10 Ways To Get Better Guitar Recordings

Hey you! Do you like recording guitar at home? If so, STOP whatever you’re doing and LISTEN UP!

Here at Spectre Digital, we see many people making the same mistakes over and over again, and we want to make sure that your guitar recordings are up to snuff!

Here’s 10 things you can do to get better guitar recordings:


This is by far THE most important aspect you have to watch out for! Before you even hit the record button, take a serious look at your instrument and figure out if it’s even capable of getting a signal to your DAW without any issues. Are the electronics functional? Is the guitar properly intonated? Are your pickups microphonic? These are all things you need to take into consideration before you start tracking your masterpiece.


Or at the very least not corroded to shit. Why is this so important? Well, for starters, good strings are going to stay in tune. Tuning is absolutely crucial for recording guitars, especially for high gain metal! Furthermore, old strings are going to lose quite a bit of clarity, meaning you’ll be stuck with a dull sound. Clarity that you’re going to end up trying to add in with EQ. Let’s be clear here: An equalizer CAN turn up certain frequencies, but those frequencies have to be there to begin with! When you boost your EQ to try and bring some clarity to your sound, you’re only going to end up making things worse. Do yourself a favor and use good strings. Get the sound right at the source!


Much like the obnoxious bells of your local church, guitar strings have a habit of ringing at the worst times. At first glance, that ringing may not seem like a bit deal.

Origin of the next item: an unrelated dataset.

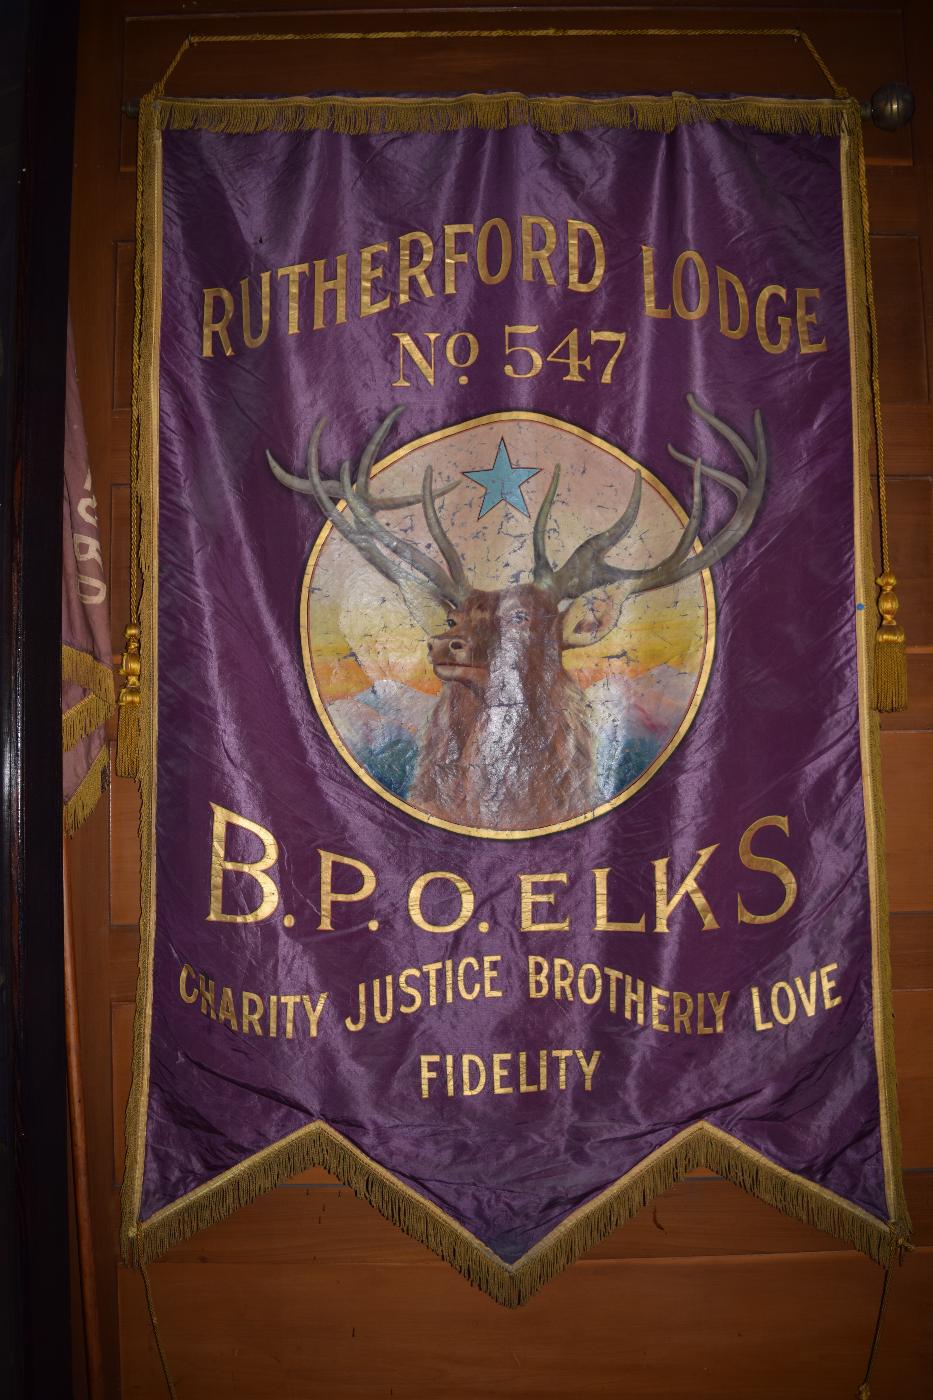 Our original banner
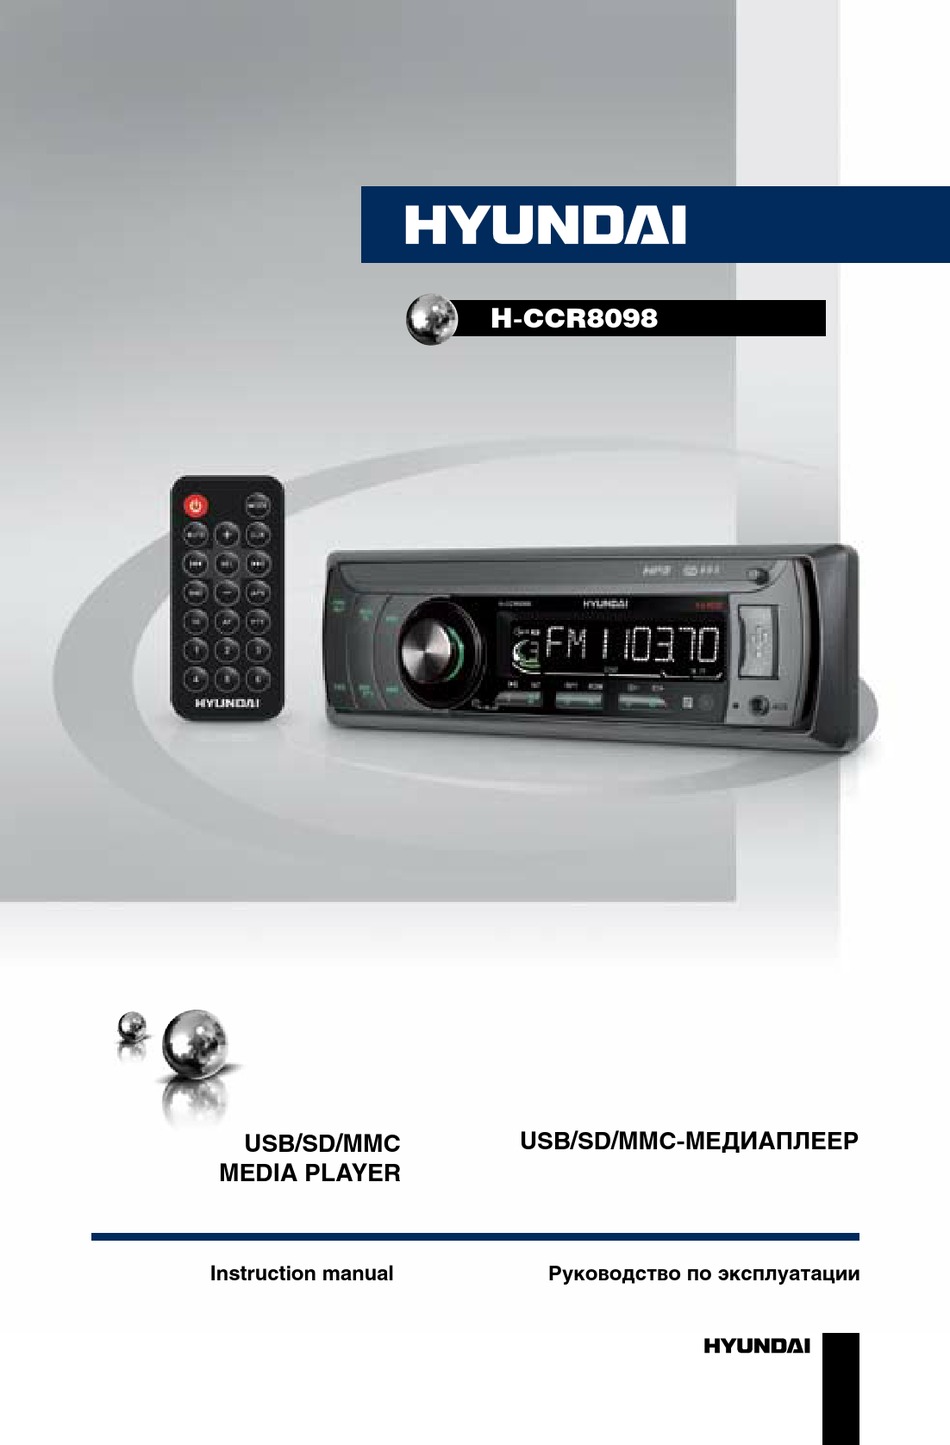 HYUNDAI H-CCR8098 INSTRUCTION MANUAL Pdf Download | ManualsLib

Make no mistake, it’s VERY MUCH a big deal! Fortunately, there’s an easy fix. All you have to do is take a small piece of foam and tuck it under the string behind the nut and presto! No more ringing! If you don’t have any foam, a hair tie, or any small strap can do the job. You can also do this on the bridge, but don’t over do it. Too much dampening at the bridge can lead to some pretty bad sustain issues. At the end of the day, it’s all about trade-offs and the trick is to experiment. See what gets you the best results and go from there.


» But aren’t the Hi-Z inputs on my interface enough? «

Sure! The instrument inputs on your interface are more than capable of getting the job done. But depending on the interface you’re using, those DI inputs can certainly impact the sound of your guitars. Small, two-channel interfaces are dirt cheap nowadays, and manufacturers have to cut costs somewhere. Those cut costs might just end up being your interfaces instrument inputs.

So instead of playing the guessing game with something that could potentially be of questionable quality, go get yourself a dedicated direct box! What do they do? A direct box is going to convert your guitars unbalanced high-impedence signal into a balanced low-impedence signal.

But why should you spend the money on one? Simply put, a good DI box will most likely outlast your interface, and it will allow you to bypass your interfaces DI, giving you a much cleaner signal.

In short, a good, clean DI signal is invaluable for recording guitar. Not only does it allow you to re-amp your tracks down the line, but they can also be used to clean up a guitar recording with awesome plugins like the SMG Cock-Blocker Noise Gate.

Be sure to download the two-week free trial when you’re done reading this. You won’t regret it!


Plug your guitar into your interface/DI box, open up your DAW and start hitting the strings. Hit them HARD! Play some heavy chugs or strum some chords and start dialing in the gain knob on your interface. We don’t want to track the signal so hot that we’re clipping, but we also want to actually see the waveform. Your best bet is to make sure your signal peaks out at around -6db when you hit the strings hard. Aim for that and you should be good to go!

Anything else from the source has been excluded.